Proof of Concept

What Has Been Completed

The Proof of Concept software has been developed rather well so far, which shows our good progress as a team, and eliminates several of the risks we have identified.

The working functional components so far are:

  • Organisations can set the core geographical information for their buildings
  • Organisations can upload floor plan images for any number of floors, and generate the navigation graph manually
  • A first building's navigation graph has been stored in Firebase and modifications to it are stored persistently
  • Users can find the way to a room from another room in the same building, possibly on a different floor

As mentioned above, our main priority so far has been to complete features related to manual graph creation. The user interface for this functionality has also been kept simple with no extravagant features and a very limited backend so as to keep it easy to operate and fit for the purpose. More advanced interfaces can easily be added in the future, the more challenging functionality to implement is the automatic graph creation.

Problems During Development

During the AtRoom development so far, we have faced and dealt with several issues, ranging from a few basic bugs to the natural problems that occur when learning new frameworks and modern web development tools. We also foresaw the issue of using a Single-Page Application with Create React App, which is why we switched to Next.js which is a full stack React framework with support for different data fetching strategies.

In attempts to automatically generate a navigation graph for our pathfinding algorithm, we have encountered many issues regarding machine vision. We are currently attempting to use artificial intelligence and computer vision to detect doors, rooms, and junctions, but have not yet been able to successfully train a suitable model. Machine vision is a new concept to everyone in our group and there is a large learning curve when it comes to something so complex.

In the beginning of development, it was difficult to tie down the scope of our project as our team is very enthusiastic.

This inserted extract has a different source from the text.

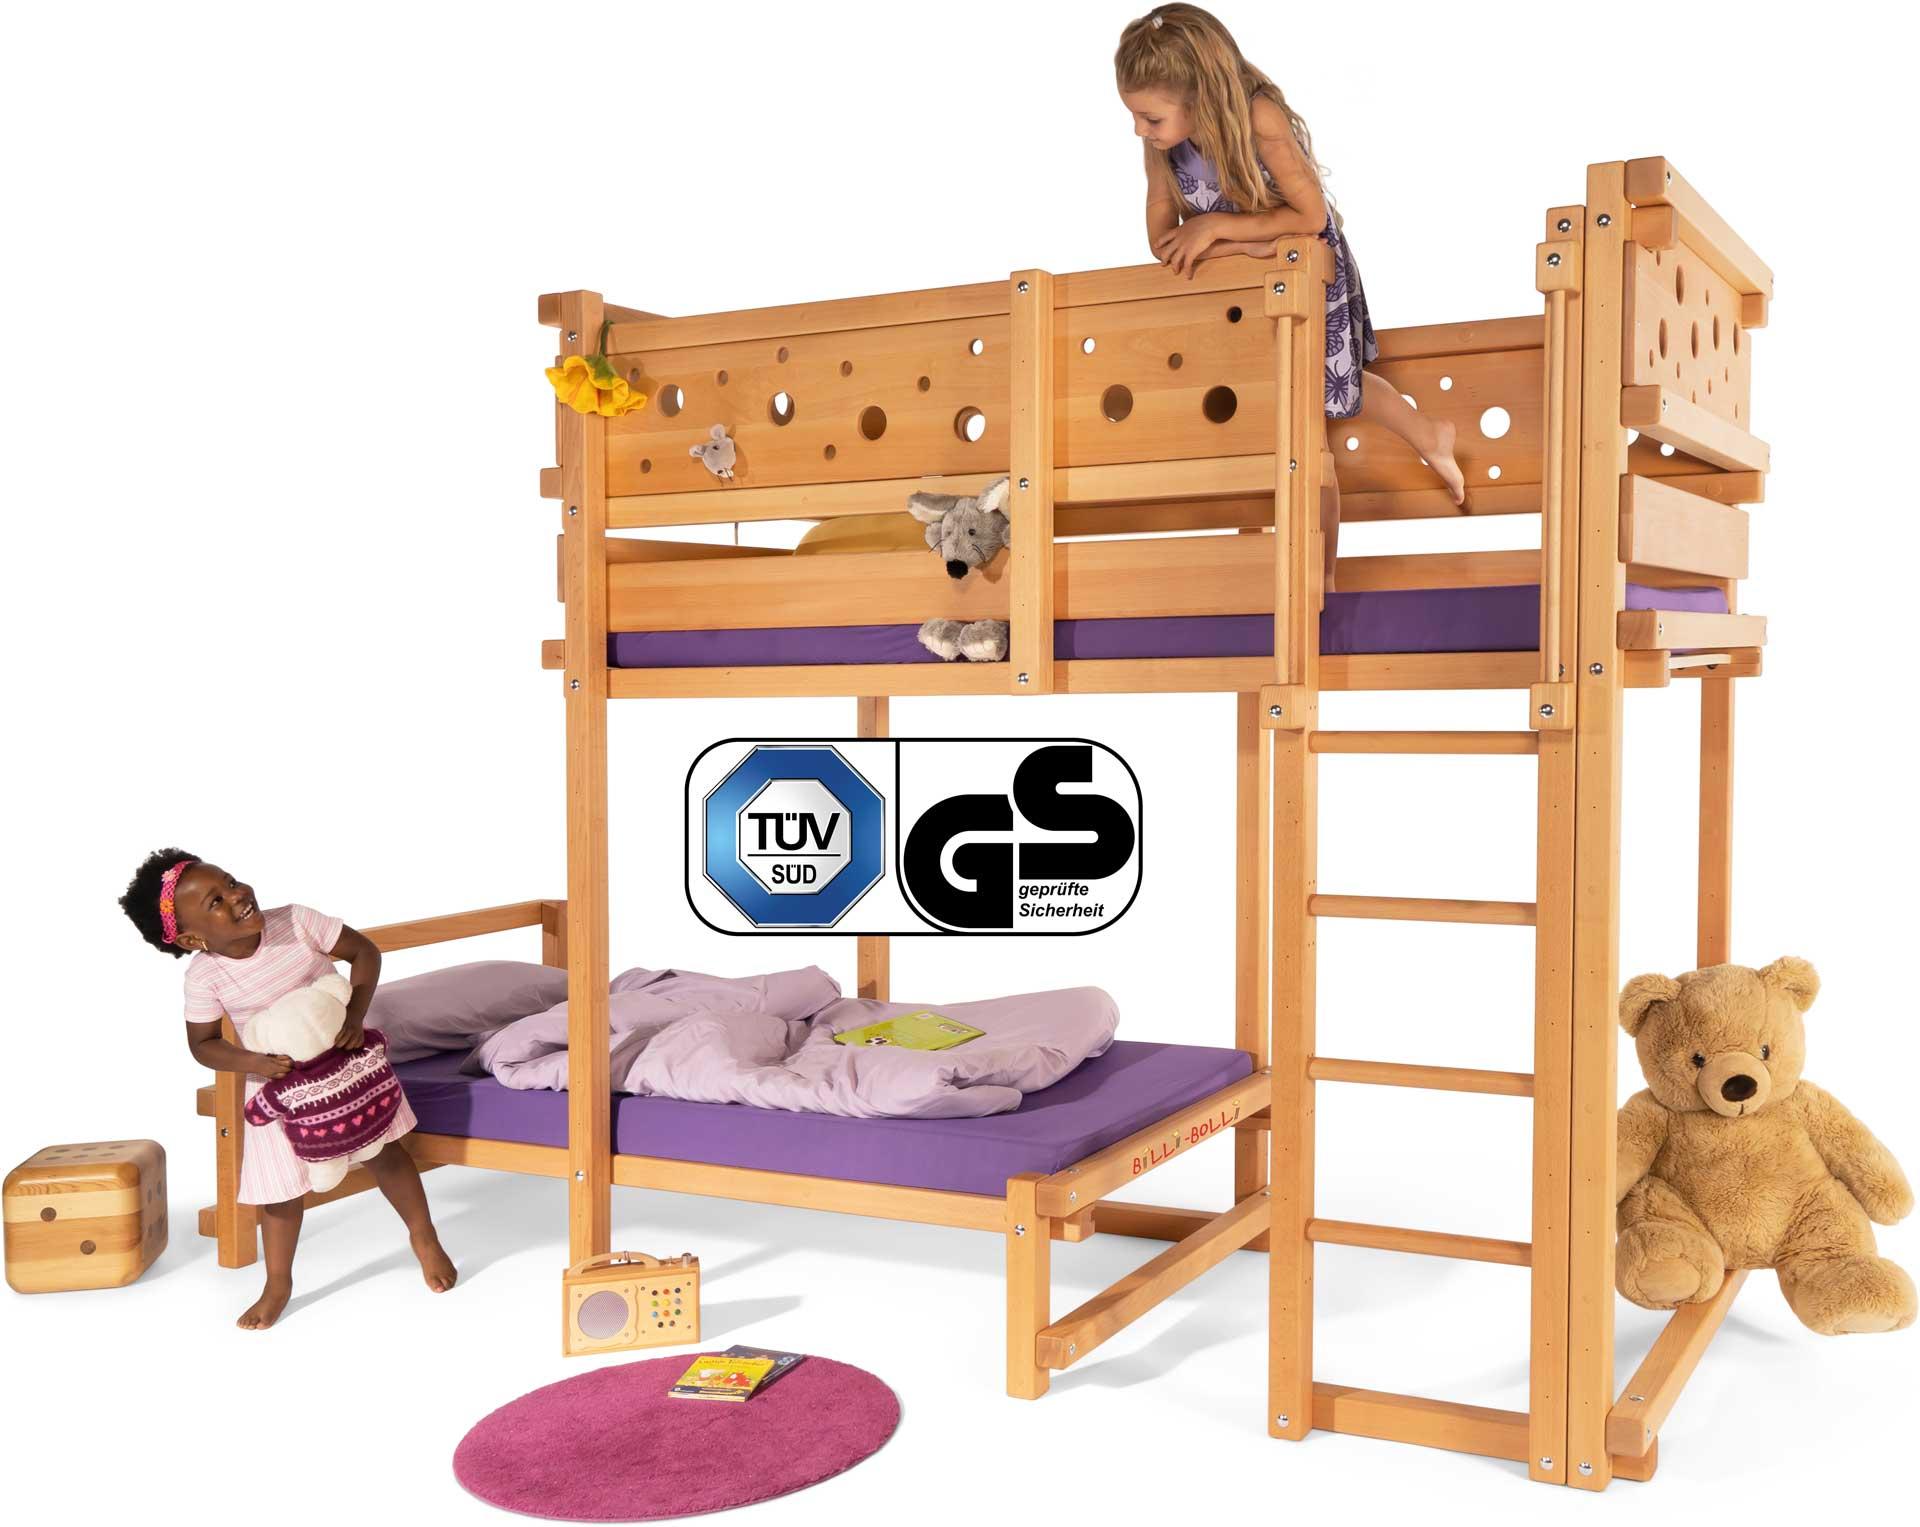 Hochbetten und Etagenbetten für Kinder von Billi-Bolli

Despite this we are also very focused, and we are excellent at making realistic yet ambitious decisions together as a team. The diversity in knowledge and point of view greatly contributed to this. With this diversity also came the advantage of learning from one another. We often used pair programming on higher level tasks, so that someone who already had experience with the subject could help someone else learn, which led to our team being overall more productive and everyone having a more comprehensive understanding of the project.

Next Steps

Currently, the graphs that our pathfinding algorithm uses are generated and edited manually by either a client administrator or a member from our organisation. We are currently working towards an automated graph generation system using machine vision that will detect rooms, doors, junctions and possibly other points of interest. We have already started in-depth research into this and made attempts with some rudimentary prototypes. We will need to do further prototypes to decide on which machine vision library we will use. For this, we will also use machine vision to normalise and remove unnecessary information from the floor plans, which would consist of removing text and other aspects that are irrelevant for the navigation graph creation. Our research and experiments to date have shown that this will make the graph generation faster and more accurate.

To make a distinction between users who can view the map and use the navigation system and the administrators who can create and edit floor plan images and the pathfinding graph, we are going to create a login system that will provide users with the appropriate access level. In addition to this, the website will have a different layout for administrators and normal users. This is due to the fact that administrators will need access to a lot more tools, whereas normal users will have a very simple and minimalist interface for navigation.

The pathfinding algorithm we have implemented works very well. We are currently using A*, but so far, we have only worked on pathfinding within one building. We plan to extend this to finding paths between buildings, too. We have a range of ideas as to how we will implement this, and we are currently looking to use the Google maps pathfinding API but have considered alternatives such as OpenStreetMap.